BRIEF DESCRIPTION OF THE DRAWINGS
FIG. 1 is a block diagram illustrating the constitution of the
whole apparatus necessary for carrying out the invention;
FIG. 2 is a figure showing the ion source section of the chemical
agent detector;
FIG. 3 is a figure showing the mass spectrometry section of the
chemical agent detector;
FIG. 4 is a figure showing a mass spectrum of DC;
FIG. 5 is a figure showing a mass spectrum of DA;
FIG. 6 is a figure showing the signals detected in tandem mass
spectrometry of DC;
FIG. 7 is a figure showing a calibration curve for DA in tandem
mass spectrometry;
FIG. 8 is a figure showing the signals detected in mass
spectrometry of DC;
FIG. 9 is a figure showing the signals detected in mass
spectrometry of DA;
FIG. 10 is a figure showing the signals detected in mass
spectrometry of a mixed sample containing DC and DA;
FIG. 11 is a figure schematically illustrating a prior art chemical
agent detector;
FIG. 12 is a figure illustrating the contents of a database;
FIG. 13 is a figure showing the display section; and
FIG. 14 is a figure showing a flowchart for determining the
required concentrations.
DETAILED DESCRIPTION OF THE PREFERRED EMBODIMENTS
In the following, referring to the drawings, certain modes of
embodiment of the present invention are described in detail.
FIG. 1 is a block diagram illustrating the constitution of the
whole apparatus necessary for carrying out the invention.

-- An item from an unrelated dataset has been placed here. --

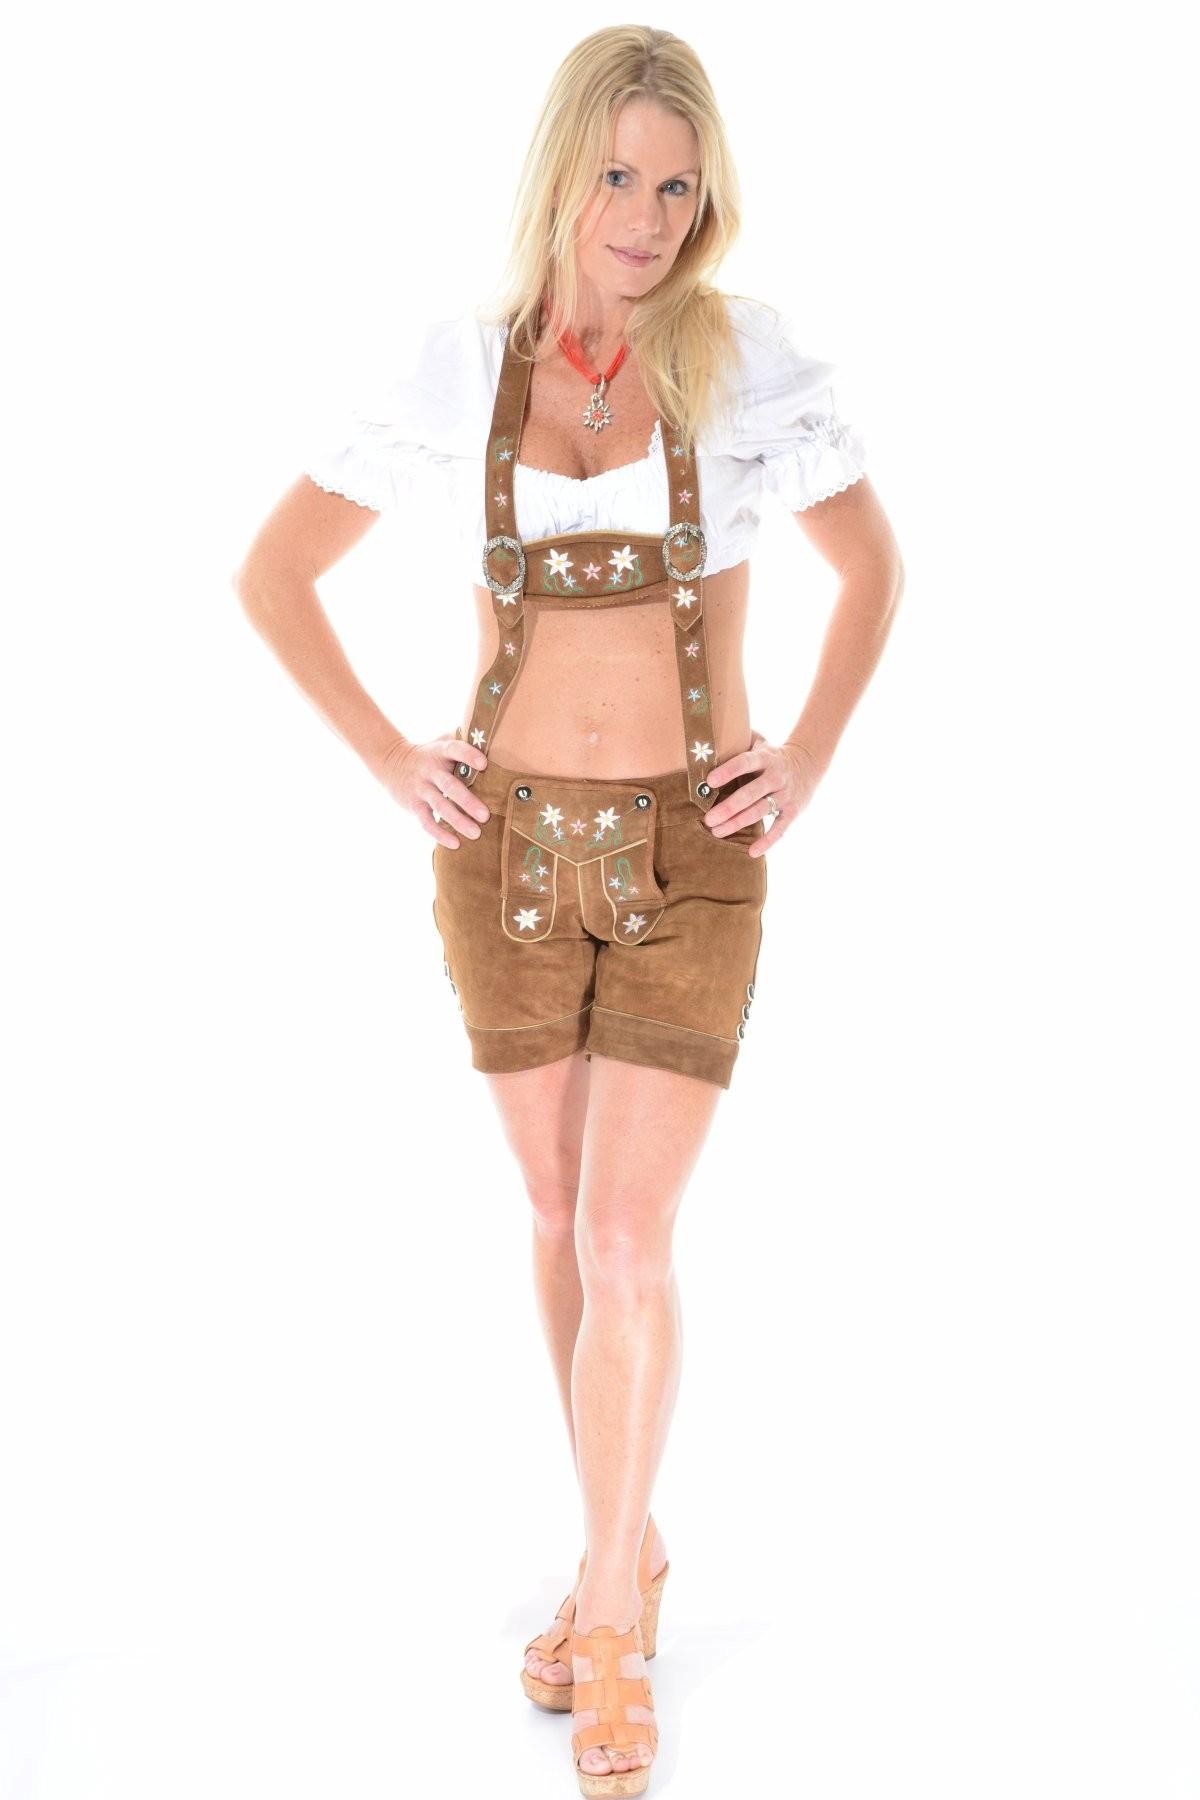 More Views  sc 1 st  Lederhosen4u & Womens Lederhosen | Female Lederhosen | Female Lederhosen Costume

As a
typical example, the case of monitoring the concentrations of
chemical agents released into the atmosphere on the occasion of
digging up and recovering an abandoned chemical weapon is
described.
On the occasion of digging up and recovering, among others, of an
abandoned chemical weapon, there is the risk of contamination of
the soil by a chemical agent and, in addition, there is the
possibility of an undiscovered chemical weapon, for instance, being
contained in the soil and, therefore, careful management is
required. Thus, a tent 22 is set up in the vicinity of the digging
up/recovering site 21. It is necessary to maintain the inside of
the tent 22 at a negative pressure relative to the outside open air
so that even when a chemical agent gas is generated within the
inside, the gas may be prevented from leaking out of the tent. For
that purpose, the air inside the tent 22 is always exhausted by an
exhaust fan 23, while the open air is fed to the tent inside
through an air inlet 33. The pressure within the tent 22 is
determined by the conductance balance between air intake and air
exhaustion. The exhaust pipe 25 for exhausting the air in the tent
22 to the outside is provided with a chemical agent removing filter
24 such as an active carbon filter and, thus, even if a chemical
agent gas is generated in the process of working inside the tent
22, the leakage of the gas to the outside can be prevented.
However, in preparation for a filter trouble, for example filter
breakthrough, a part of the gas in the exhaust pipe 25 is branched
by an introduction pipeline 28 and introduced into a chemical agent
detector 29. The detection signal from the chemical agent detector
29 is sent to a data processor 30. The data processor 30 refers to
a database 31 storing chemical agent-derived signals, calculates
the chemical agent concentration from the relation between the
signal detected by the chemical agent detector 29 and the chemical
agent concentration (namely sensitivity), and causes the chemical
agent concentration to be displayed in a display section 32.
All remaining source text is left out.